Everything in the listing below except the pictures should be reproduced exactly.
Dataset excerpt below:
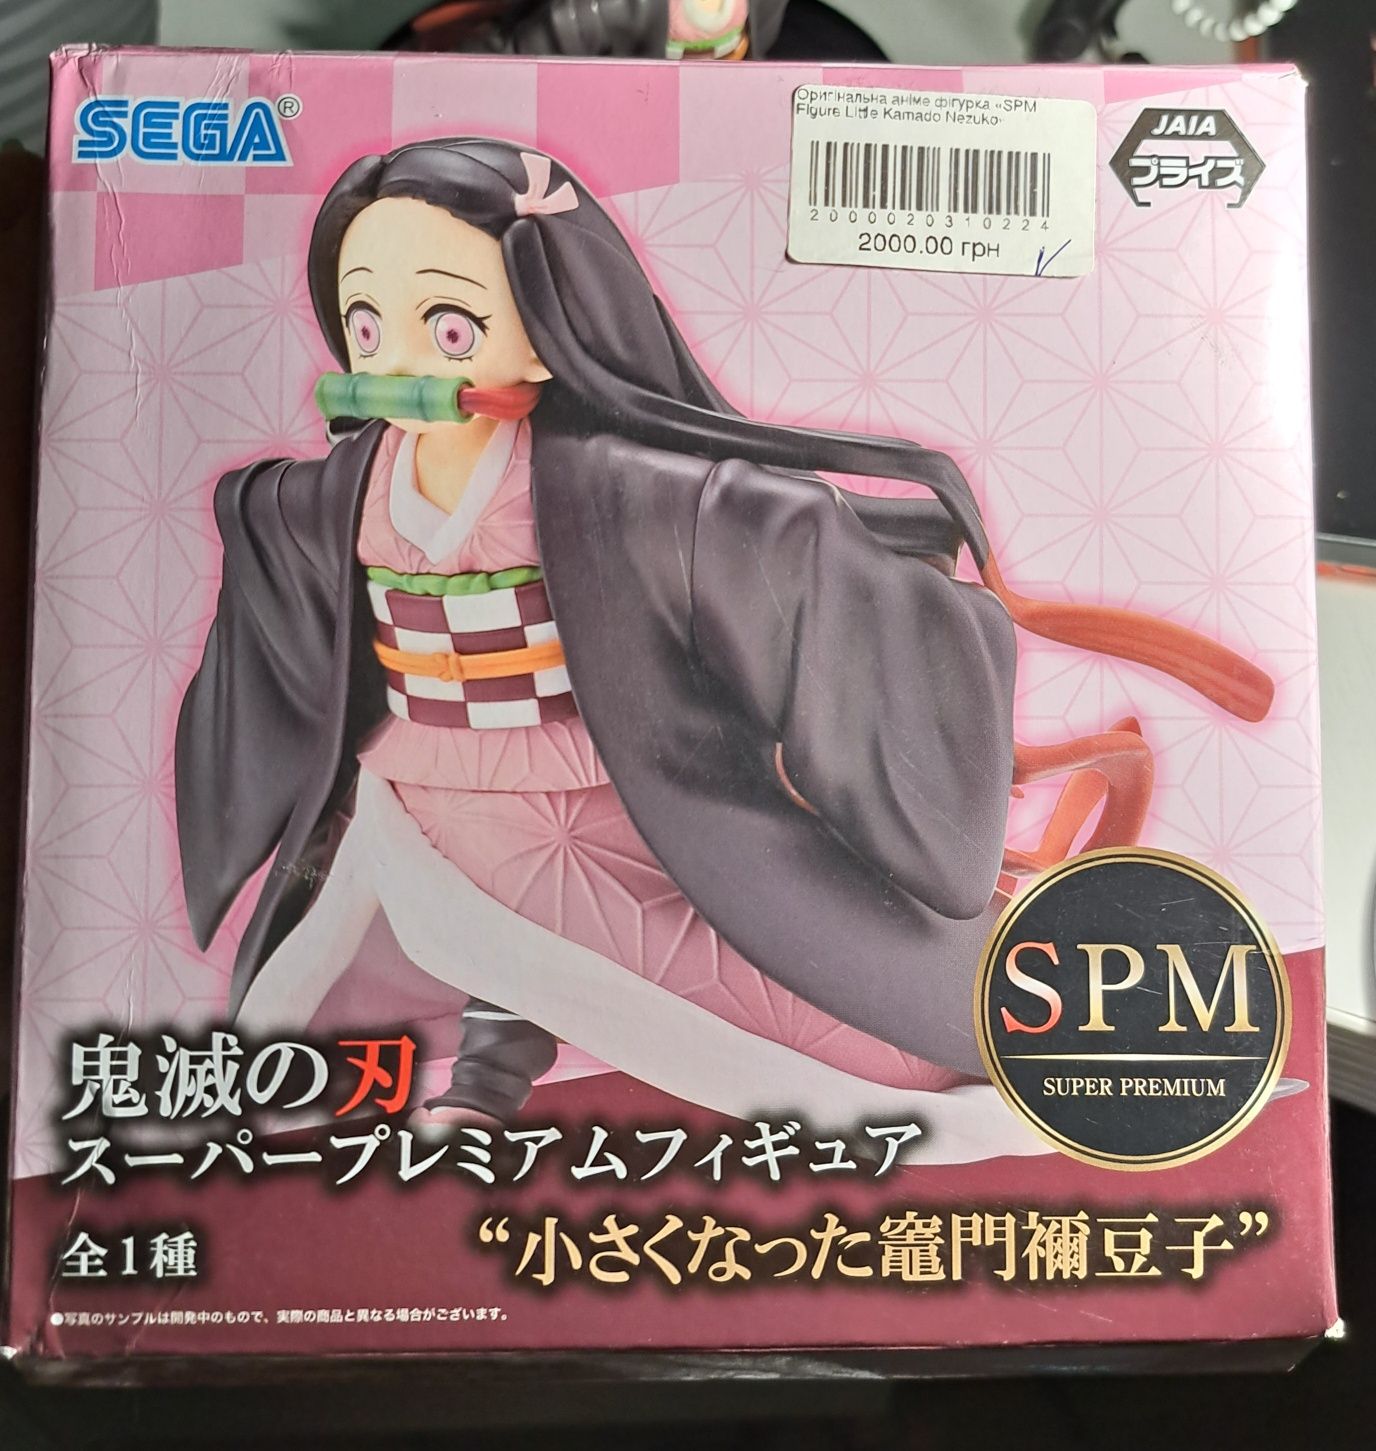 Оригінальна аніме фігурка "SPM Figure Little Kamado Nezuko"
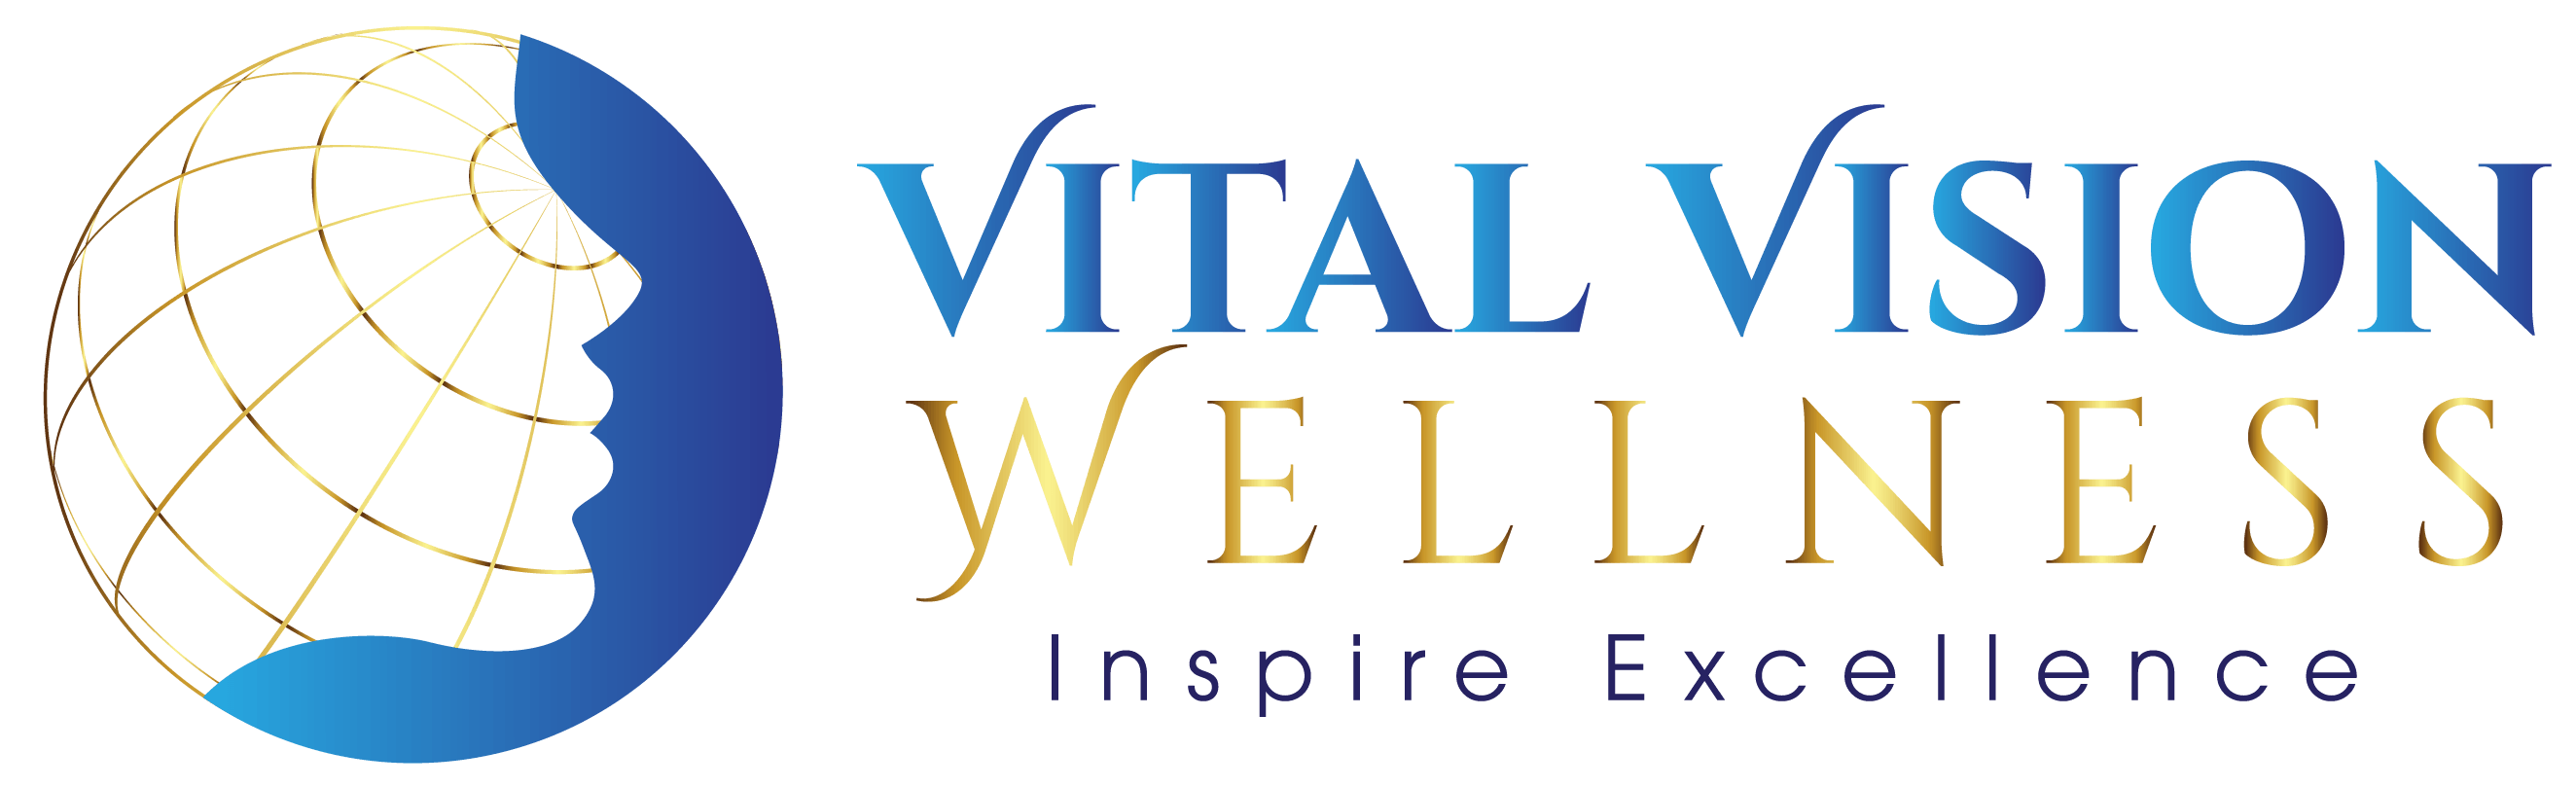 Vital Vision Wellness-3-01
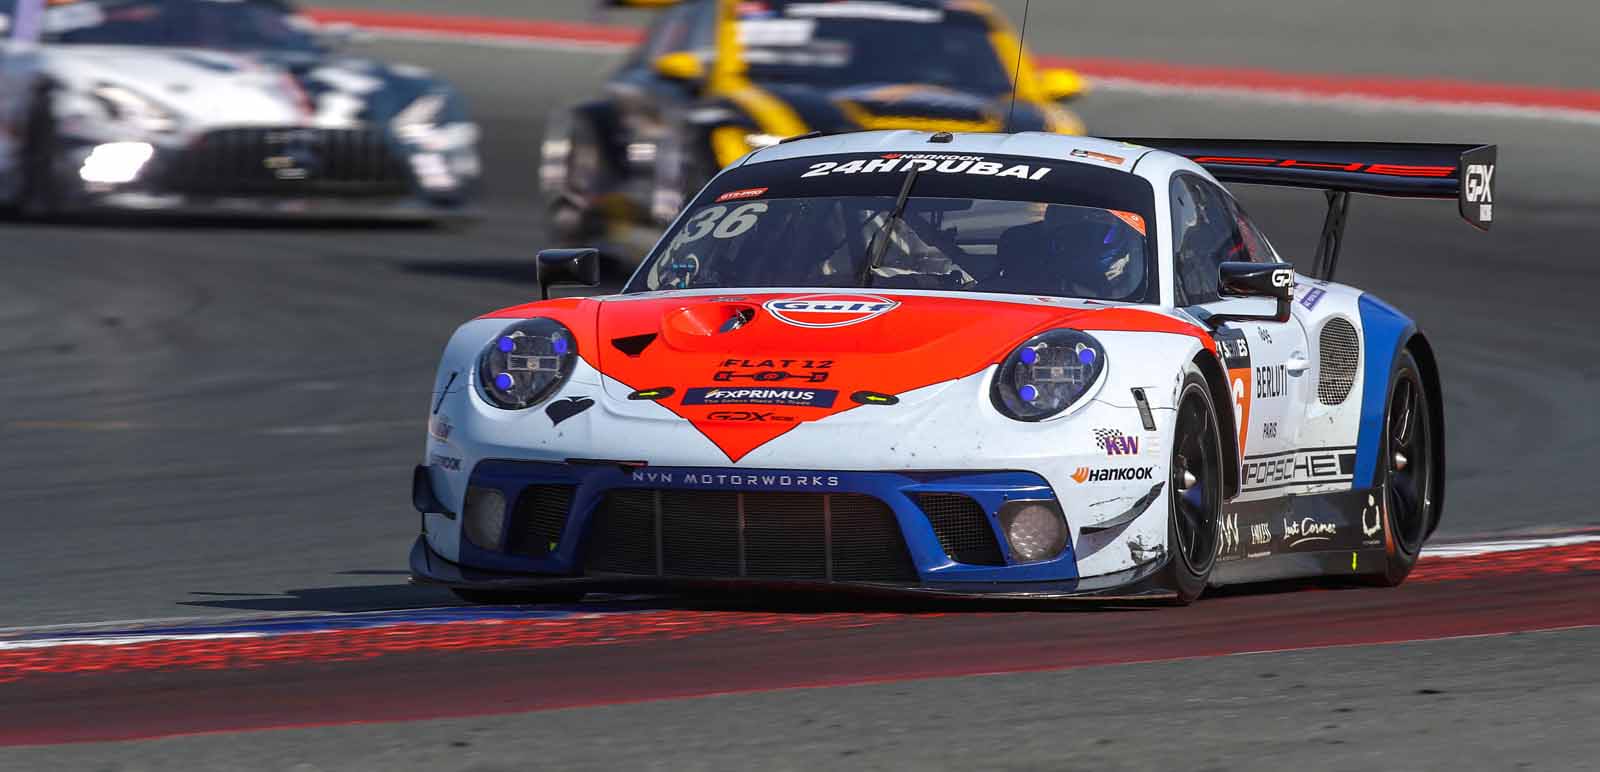 24 ore di Dubai - Gara<br />Porsche e GPX senza rivali
End of Dataset excerpt.
▶ **Answer space**:
 Оригінальна аніме фігурка "SPM Figure Little Kamado Nezuko"
 Vital Vision Wellness-3-01
 24 ore di Dubai - Gara<br />Porsche e GPX senza rivali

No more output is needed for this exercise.